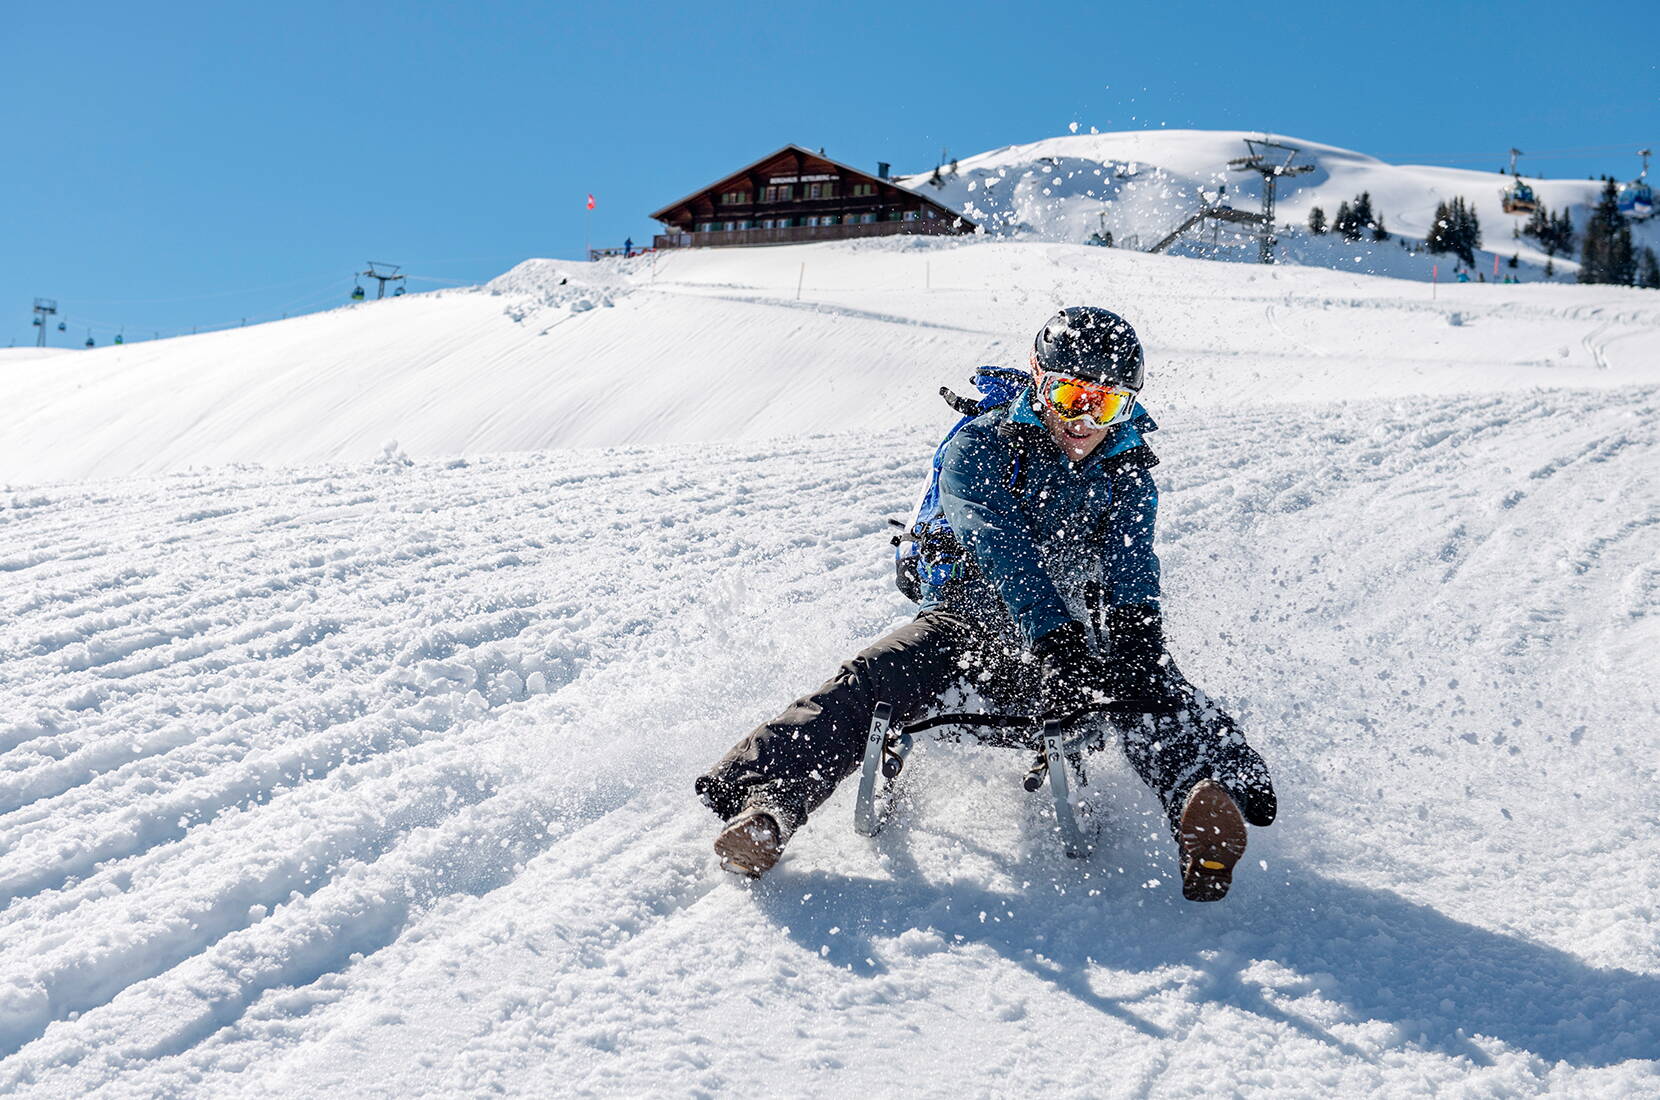 Ob rasant oder gemütlich – die drei Schlittelwege am Betelberg versprechen viel Spass und Schneegestöber. Als Alternative zum Skifahren, als Schlechtwetterprogramm oder einfach als Familienausflug sind die Schlittelwege ideal.
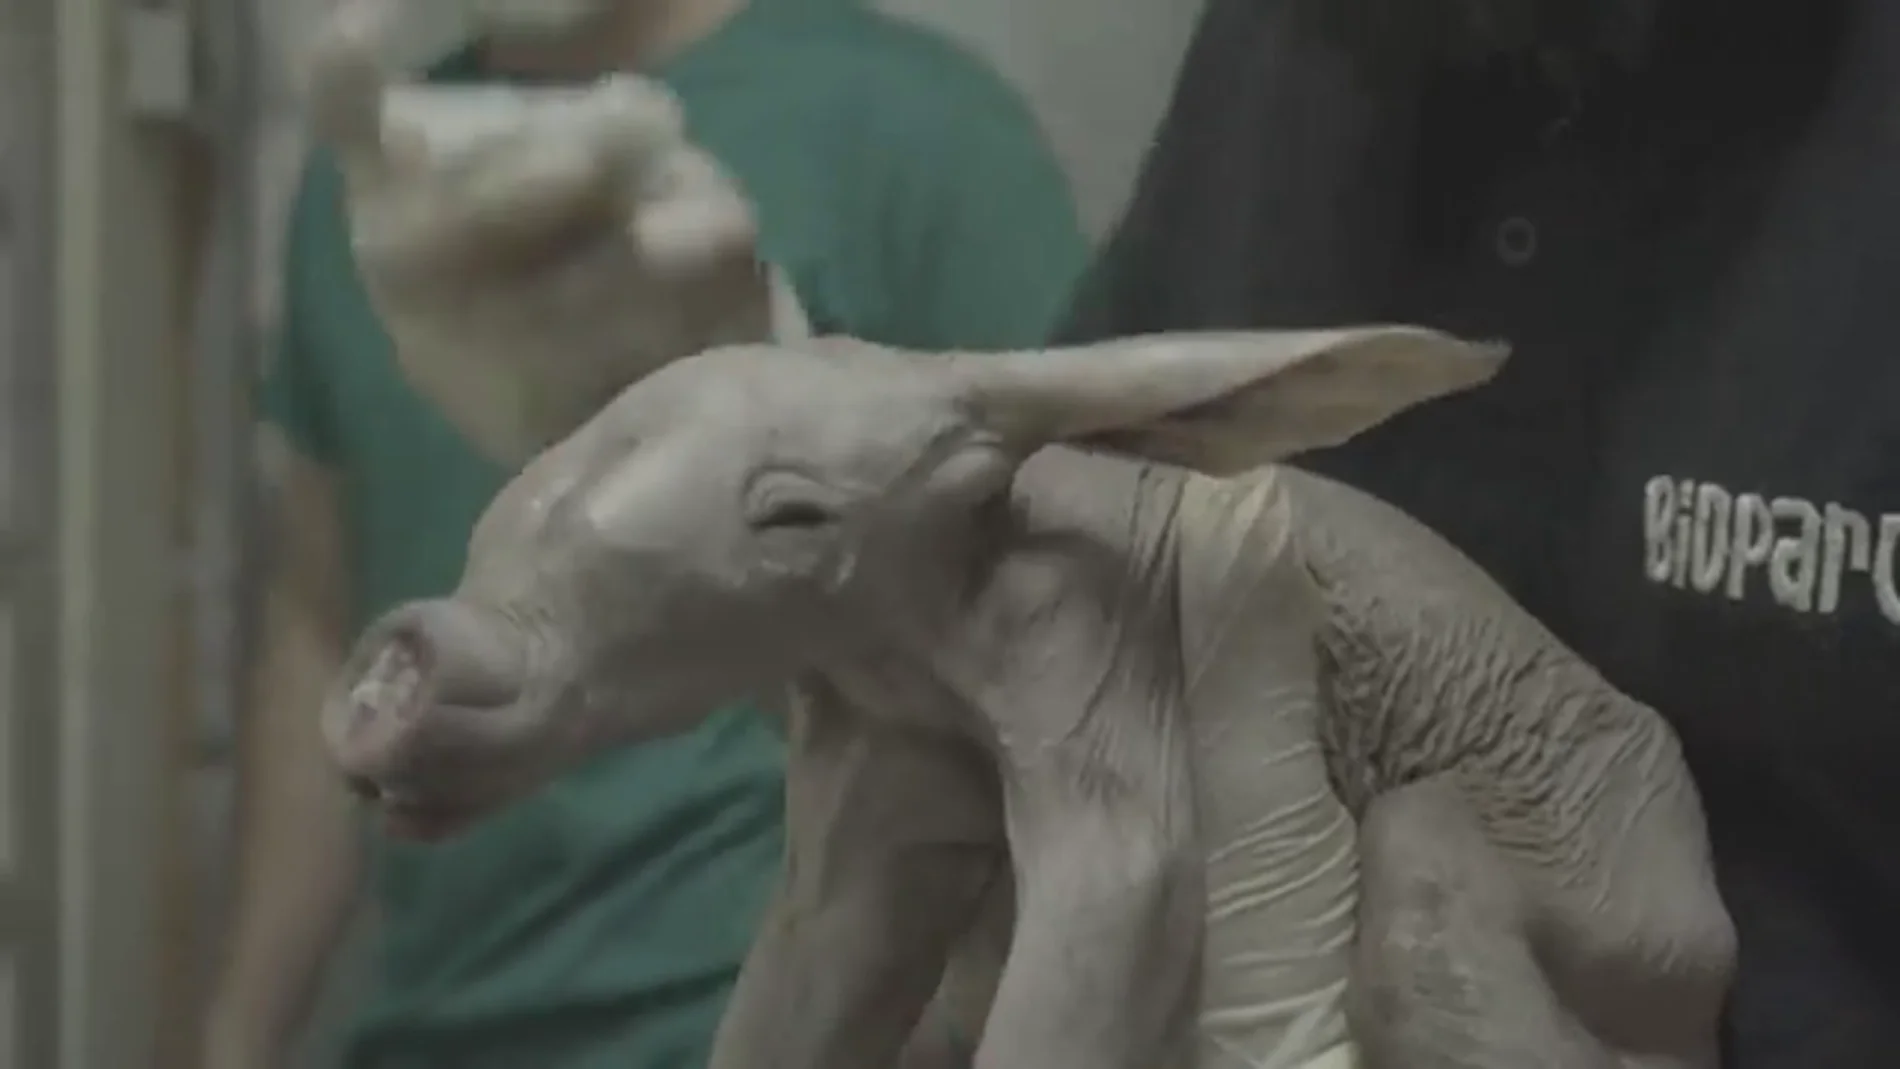 Nace un oricteropo, también conocido como cerdo hormiguero, en Bioparc
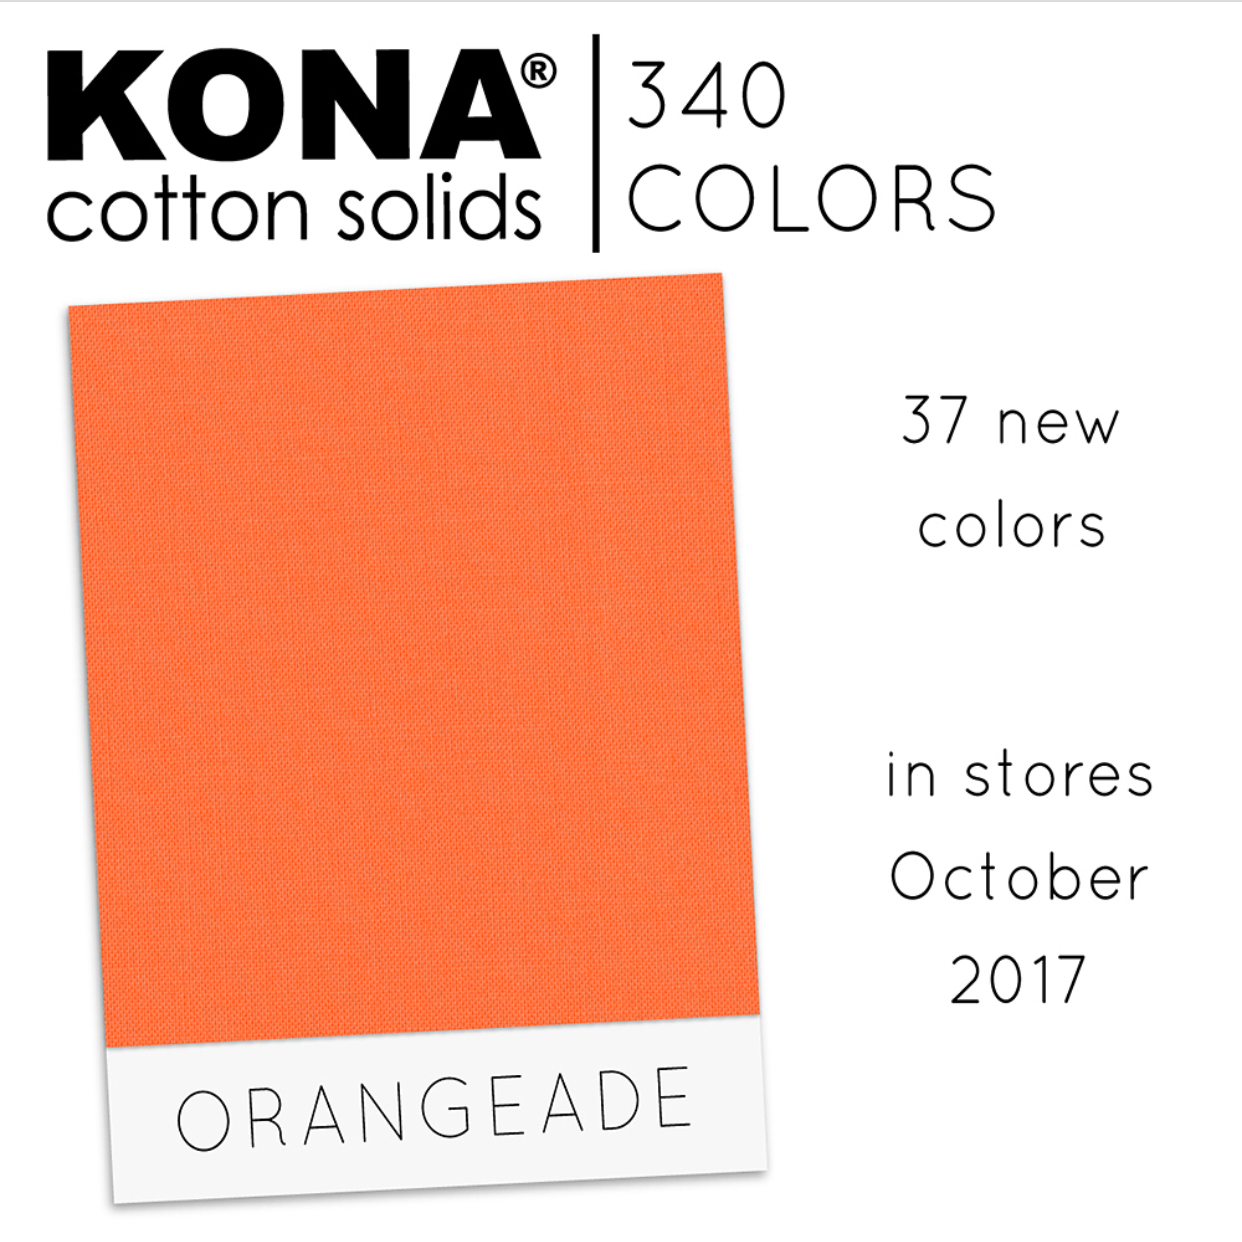 Kona Orangeade

(Your instructions) Word for word, retype all of the data above, but include no pictures.

(Output below)
 Ob rasant oder gemütlich – die drei Schlittelwege am Betelberg versprechen viel Spass und Schneegestöber. Als Alternative zum Skifahren, als Schlechtwetterprogramm oder einfach als Familienausflug sind die Schlittelwege ideal.
 Nace un oricteropo, también conocido como cerdo hormiguero, en Bioparc
 Kona Orangeade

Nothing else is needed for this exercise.